閉ざしたハートはいつか必ず開く

幼くて無防備であった頃は、その子のハートは開いていたはずです。それだけに、そのときに負った痛手というものは、計り知れない傷を残してしまうのですね。

そうすると、一瞬一瞬を犠牲にしてまでも、生き抜いて行こうとすることが起きてきます。つまり、知らず知らずのうちに自己犠牲を強いる生き方を選ぶようになってしまうということです。

幼いころの決意というのは、本当に強烈なものであり、一度こうと決めたものはてこでも変えることができないくらい、頑なになってしまうのです。

なぜなら、その決意は生き抜くためのものであって、自分の命が懸かっているからです。
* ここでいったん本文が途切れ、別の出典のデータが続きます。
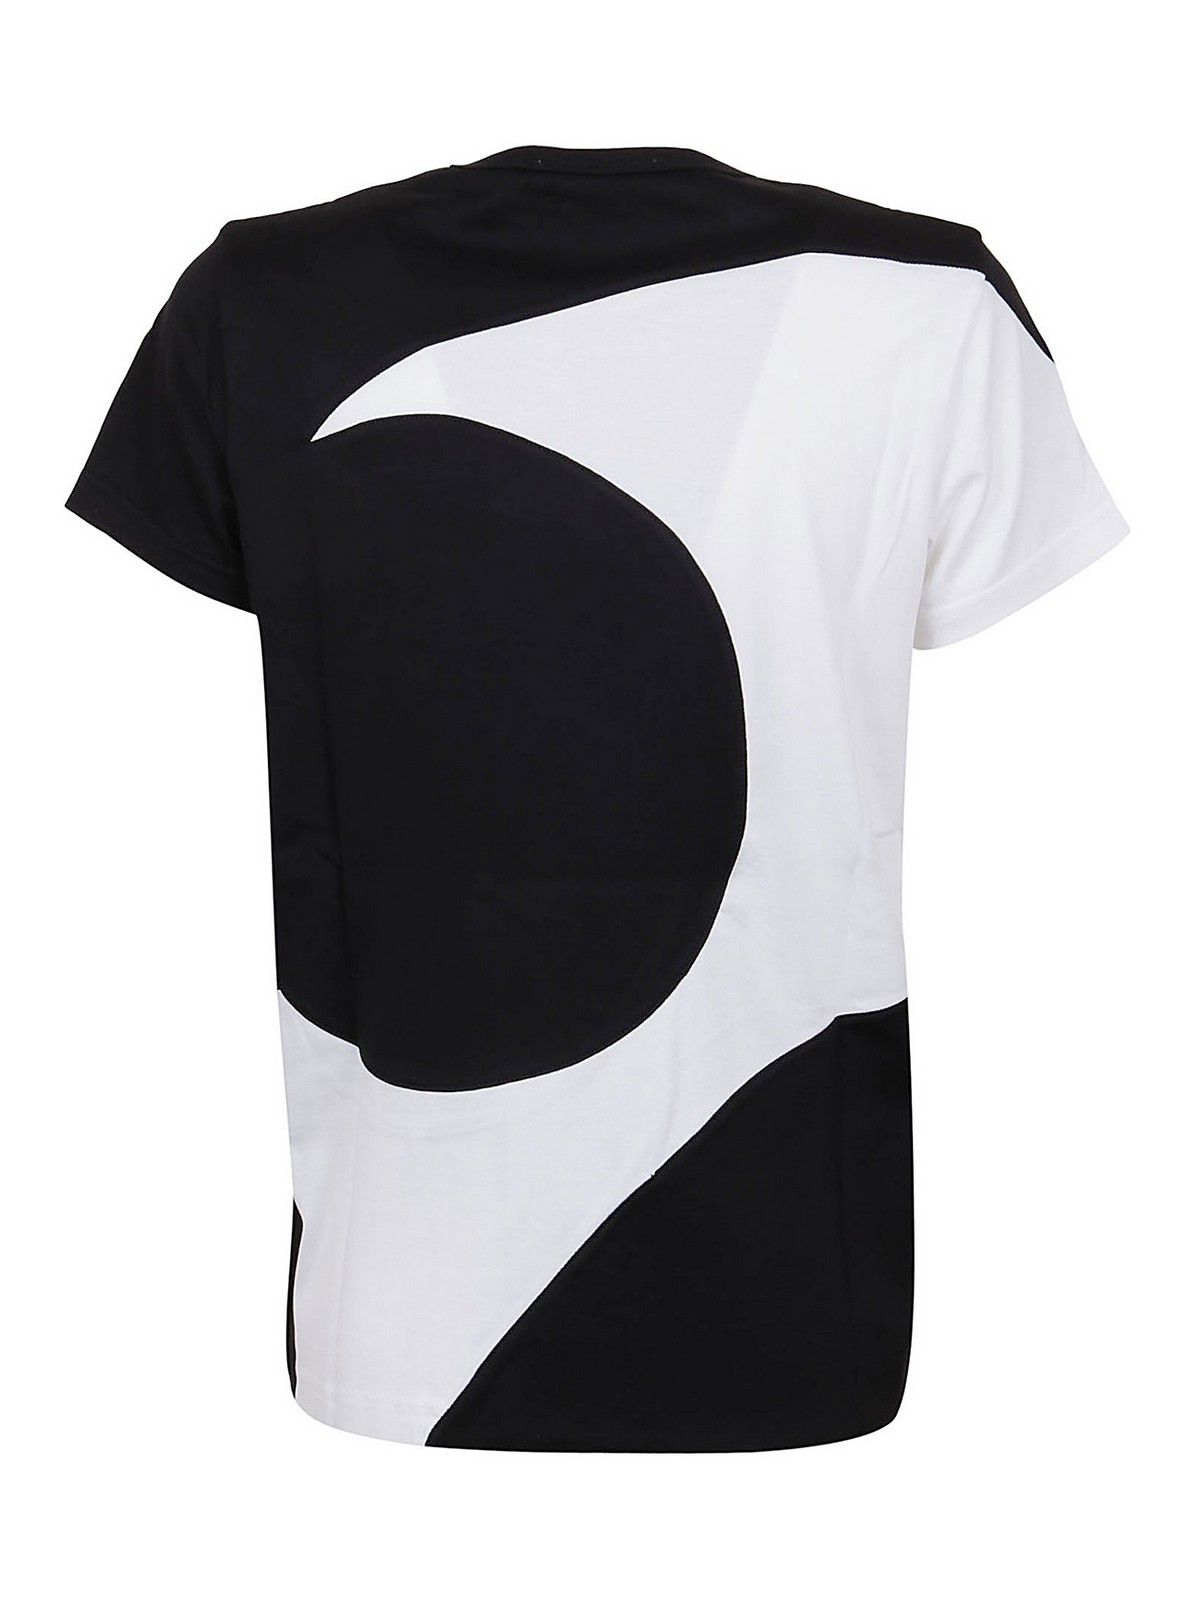 black and white givenchy shirt
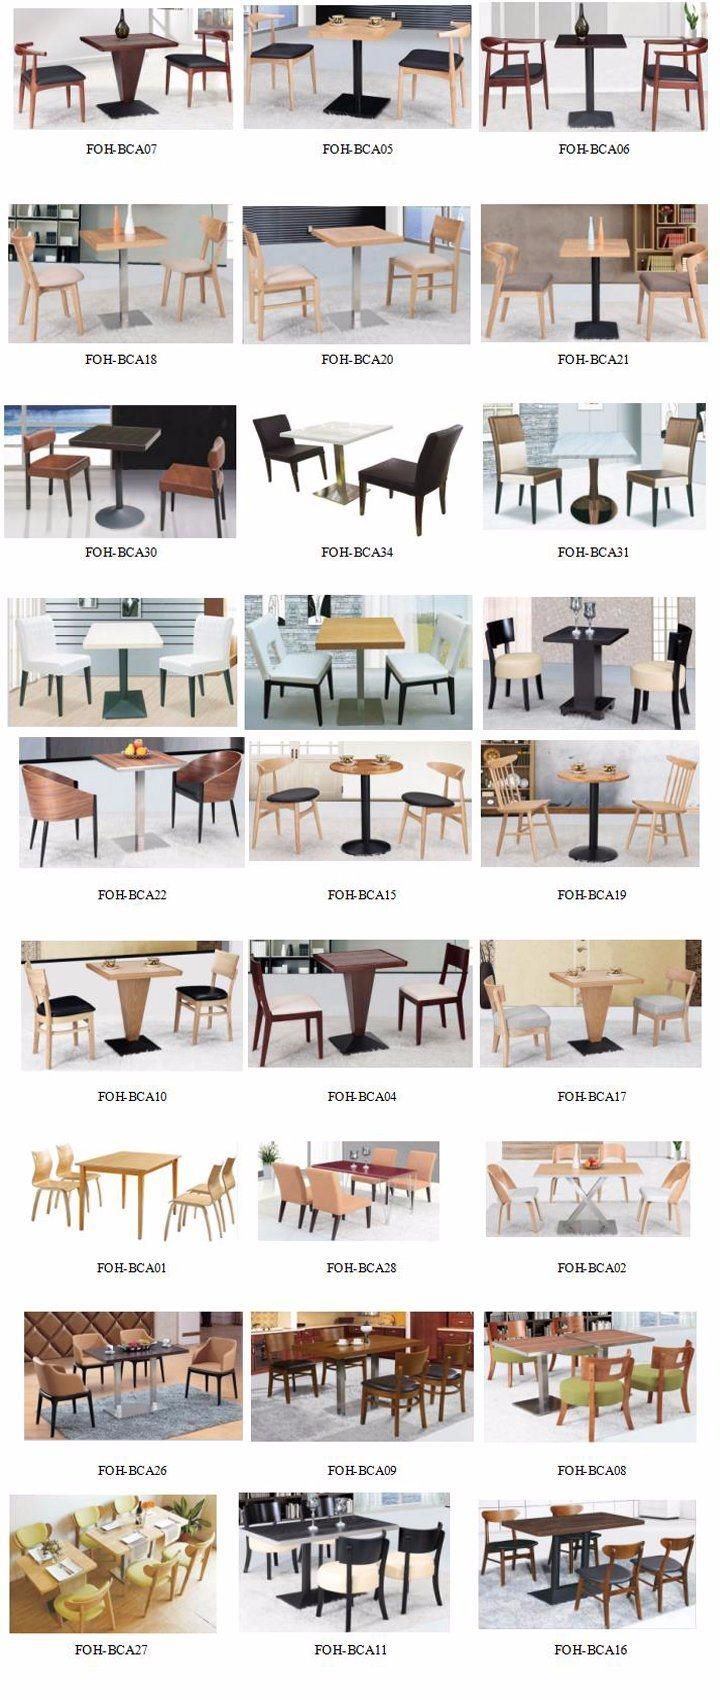 Chinese Manufacturer of Wooden Dining Furniture Table Chair Set

それに比べて、大人になってからする決意の何と弱いことか…。

ハートが開いた状態では、通常は無邪気に、そして臆せずに自己表現をするものです。その心には、これっぽっちの邪心もありません。

けれども、それが親などの周りの大人たちからいつも受け入れてもらえるとは限らないのです。むしろ、根底から否定されてしまったと感じてしまう場合が多いのです。

その否定の中には、存在の否定とも受け取れるようなひどいものもあるかもしれませんし、肉体的な痛みを伴うための恐怖を感じることもあるかもしれません。

いずれにしても、開いていたハートは、間違いなく閉ざしてしまうことになるはずです。そして、そのことが度重なると、もう自分の力では開くことができなくなってしまうのです。

誰でも心を閉ざした経験を持っているはずですし、完全に開いた状態で生きている人の方が珍しいくらいです。

しかし、強い力で閉ざしてしまった人であっても、時間をかけて丁寧に、自分と向き合っていくことを繰り返していくことで、ゆっくりとではあっても、徐々に心を開いていくことができると信頼しています。

私たちには、そうした力が最初から備わっていると思うのです。諦めることはありませんし、必ず神の恩寵はやってくるのです。